The National Medical Commission recognized the undergraduate MBBS course with and annual intake of 100 students in 1977. But due to the shortage of staff and other infrastructure facilities threatened to de-recognise the UG MBBS course in 1997 and immediate measures were taken to fill up the vacancies of teaching posts and to construct the buildings and purchase the equipments required by NMC. And so NMC agreed to continue the recognition of UG courses. The post graduate courses started with permission of NMC in 1980 in different subjects and today 32 candidates for degree courses in 15 subjects, 23 candidates for diploma courses in 9 subjects are admitted every year in this institute.

NMC has recognized PG courses of following subjects –
Total No. of PG Seats Available – 53

Anatomy – 1, Physiology – 1, Pathology – 2, Microbiology – 1, Preventive and Social Medicine – 1, Anaesthesia – 2, Dermatology – 1, Paediatrics – 2, General Medicine – 5, Ophthalmology – 1, ENT – 4, General Surgery – 7, OBG – 3, Radiology – 2 .

In the following 7 subjects, the appointment of staff and purchases of the equipments to fulfill the MCI norms are made and MCI has been already requested to inspect these departments and consider for PG courses recognition in these subjects. The 7 subjects are (1) Ophthalmology (2) Skin & STD (3) Anaesthesiology (4) Pharmacology (5) Pathology (6) Paediatrics (7) Orthopaedics. In the remaining subjects the efforts are being made to develop infrastructures and invite the MCI for PG course recognition.

The Super specialty departments like Urology, Plastic Surgery, Paediatric Surgery and Neurosurgery are functioning and they are well equipped with modern equipments for the treatments and operations of the patients. This Institute also offers M.Ch in Urology courses.

The Institute is affiliated to Rajiv Gandhi University of Health Sciences, Bangalore and it is to be mentioned that in all the University examinations more than 80% of the students have passed in the last many years. One student of this college got 15th rank in All India PG entrance examination. All the needy students both men, women are provided hostels and have the separate working women hostel.

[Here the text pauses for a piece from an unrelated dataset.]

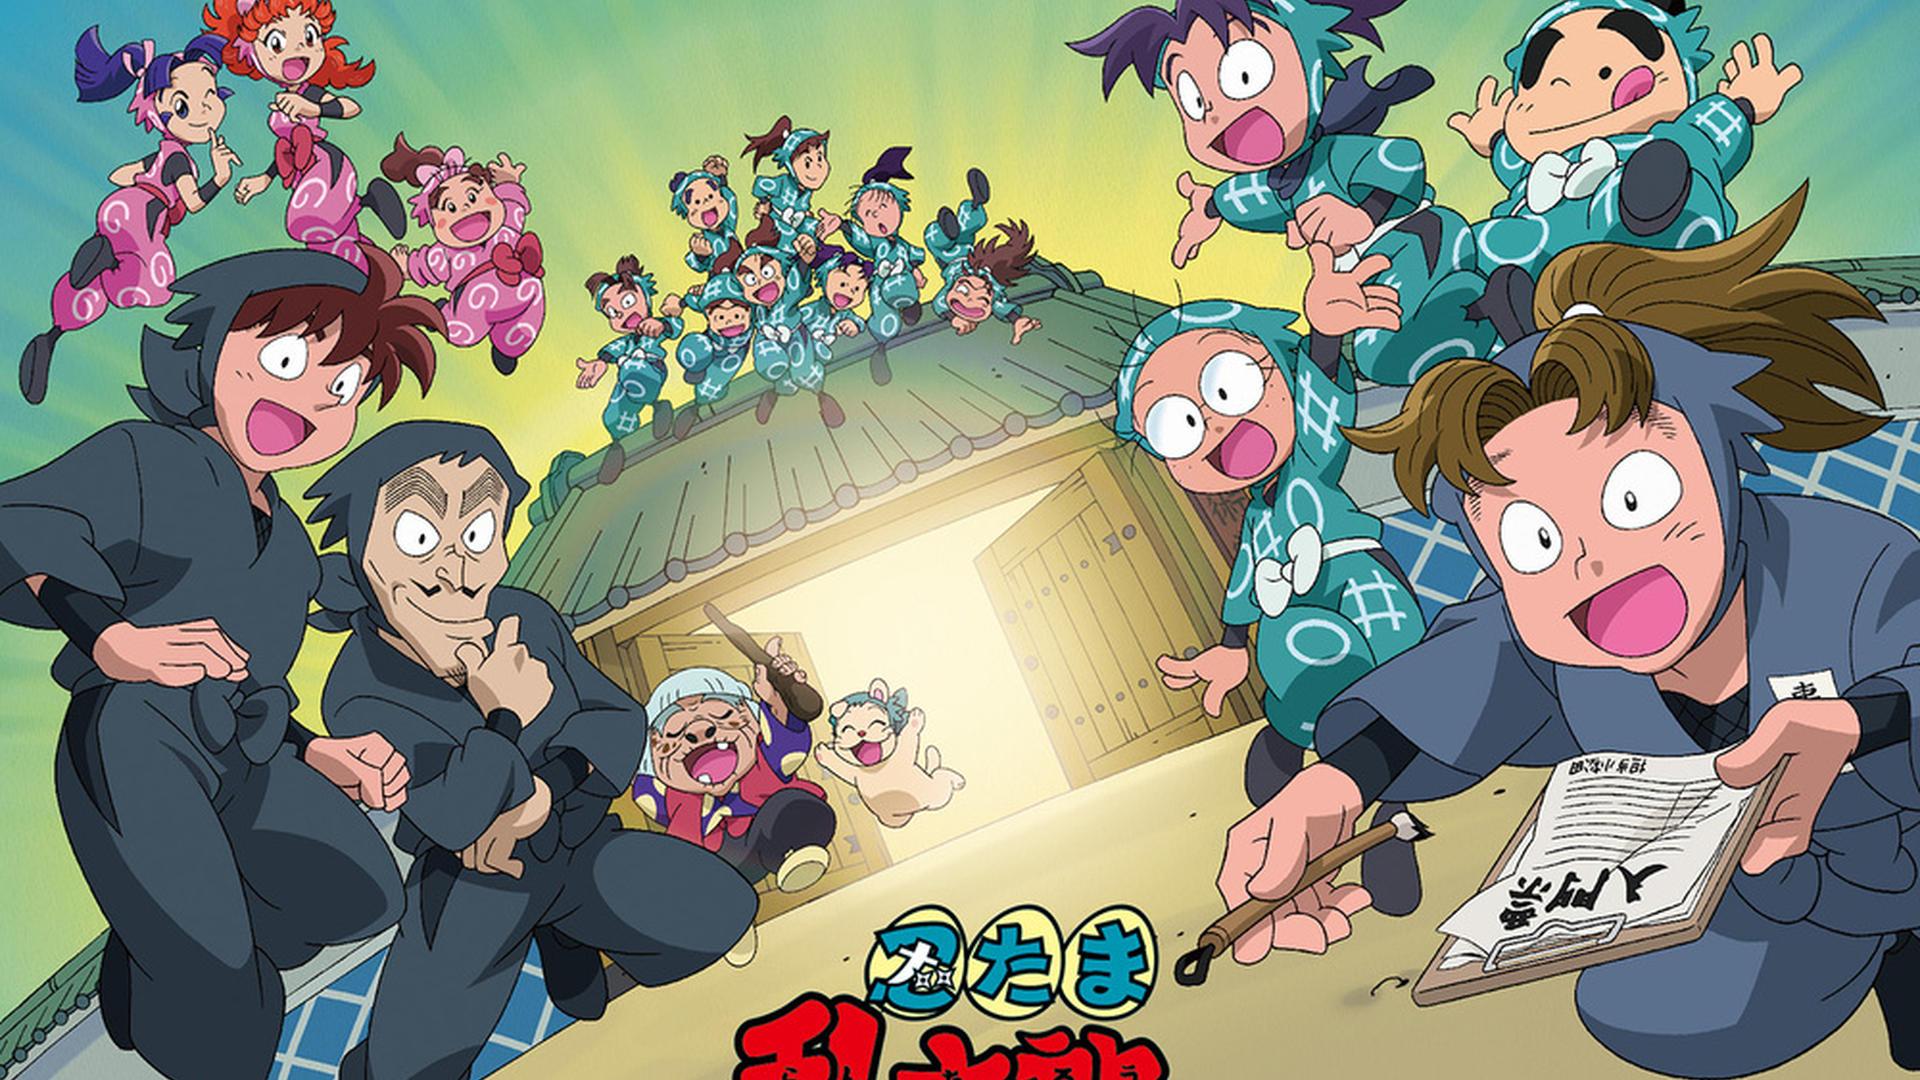 横浜に 忍たま乱太郎ショップ 期間限定オープン Nhkキャラクターグッズのお店に登場 Holiday ホリデー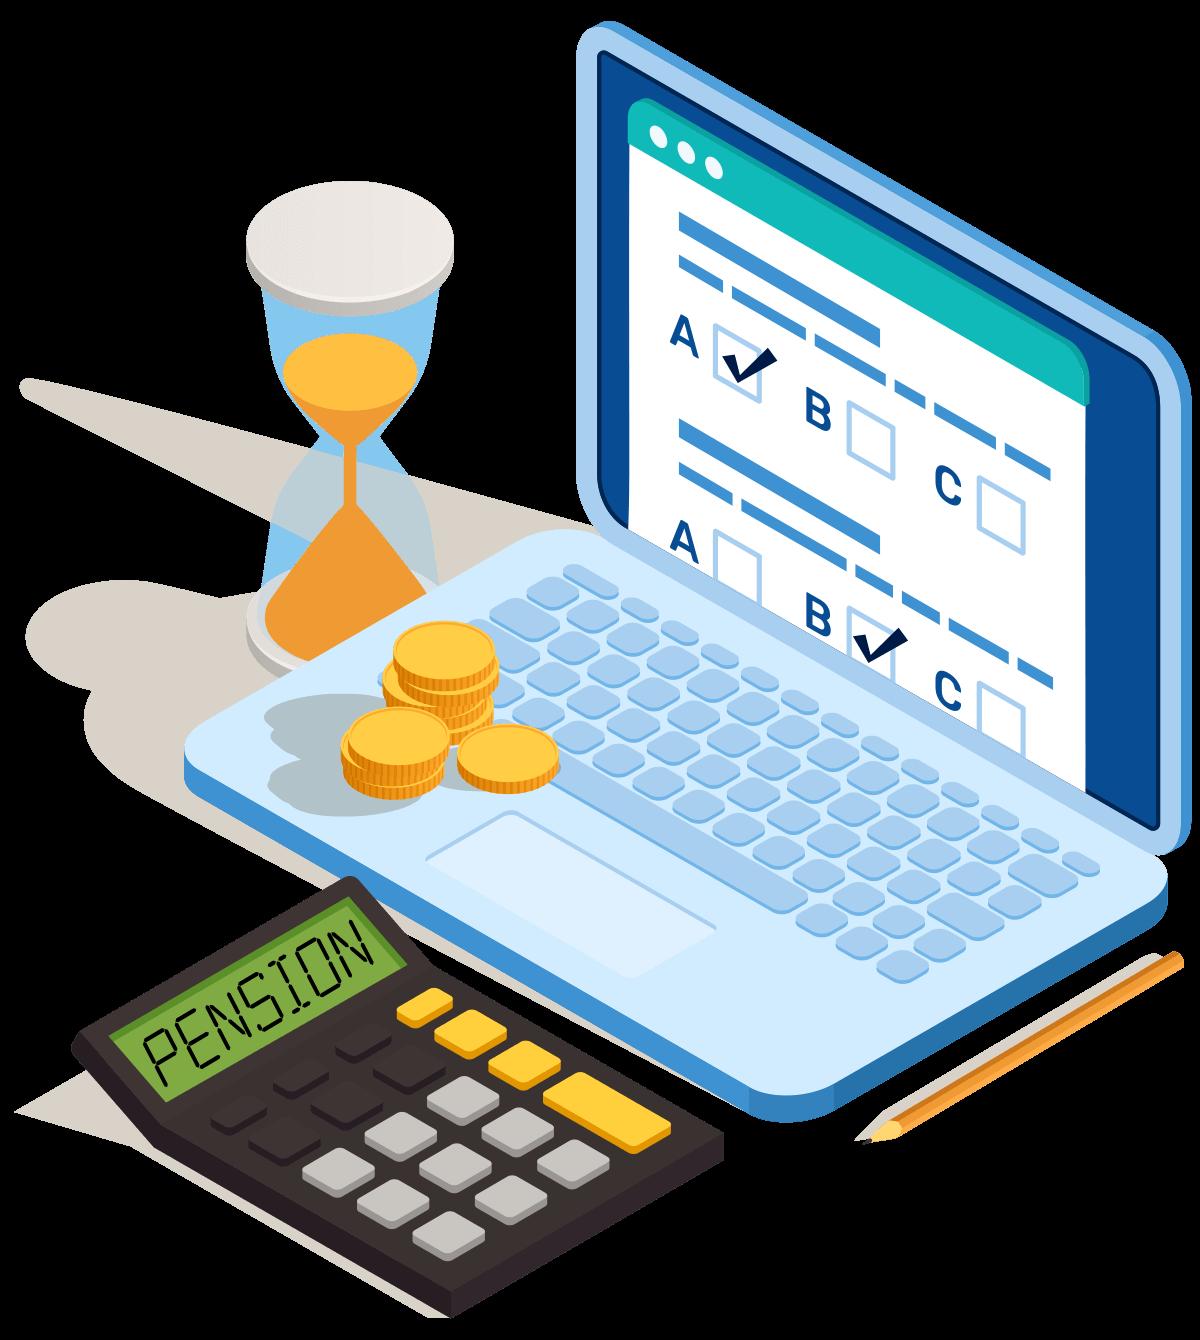 cálculo de pensiones programa autocalculo seguridad social software online asesor despacho profesional abogado

This Institute runs its own nursing school for diploma nursing studies with annual admission of 30 students and also 8 school of nursing and two college of nursing private nursing institutes are availing the clinical facilities of different hospital of this institute.
General Nurse Midwife (GNM) Course : School of nursing started in 1963 with intake of 12 students. Up to 1995, it was a 3-year, 9 month midwifery course. later it changed course as a 3yrs in 1996-2004. In 2005 curriculum has changed and the duration of course 3 years and internship 6 months under the guidance of Indian Nursing Council and Karnataka State Nursing Council.
It is stipendiary course, each student get after submission of bond paper as per 1957 Note 2 Para G Rule 7 they receive Rs.1000/- per month for 3yrs 6 month.

Basic B.Sc Nursing (B.Sc Nsg) : It is started in 2008 with an intake of 20 students and in the next academic year 2009-10 the intake of student is 25. It is running successfully and first batch students has got 100% results out of which one distinction, 16 first class and 3 second class.

Also courses of different para clinical subjects are conducted in this institution and 60 students are admitted every year.

== Recent developments ==
Dr.T.GANGADHARA GOUDA who was appointed as a regular Director of VIMS for a period of three years, was the brain child of the recent construction and developmental drive in the Institution.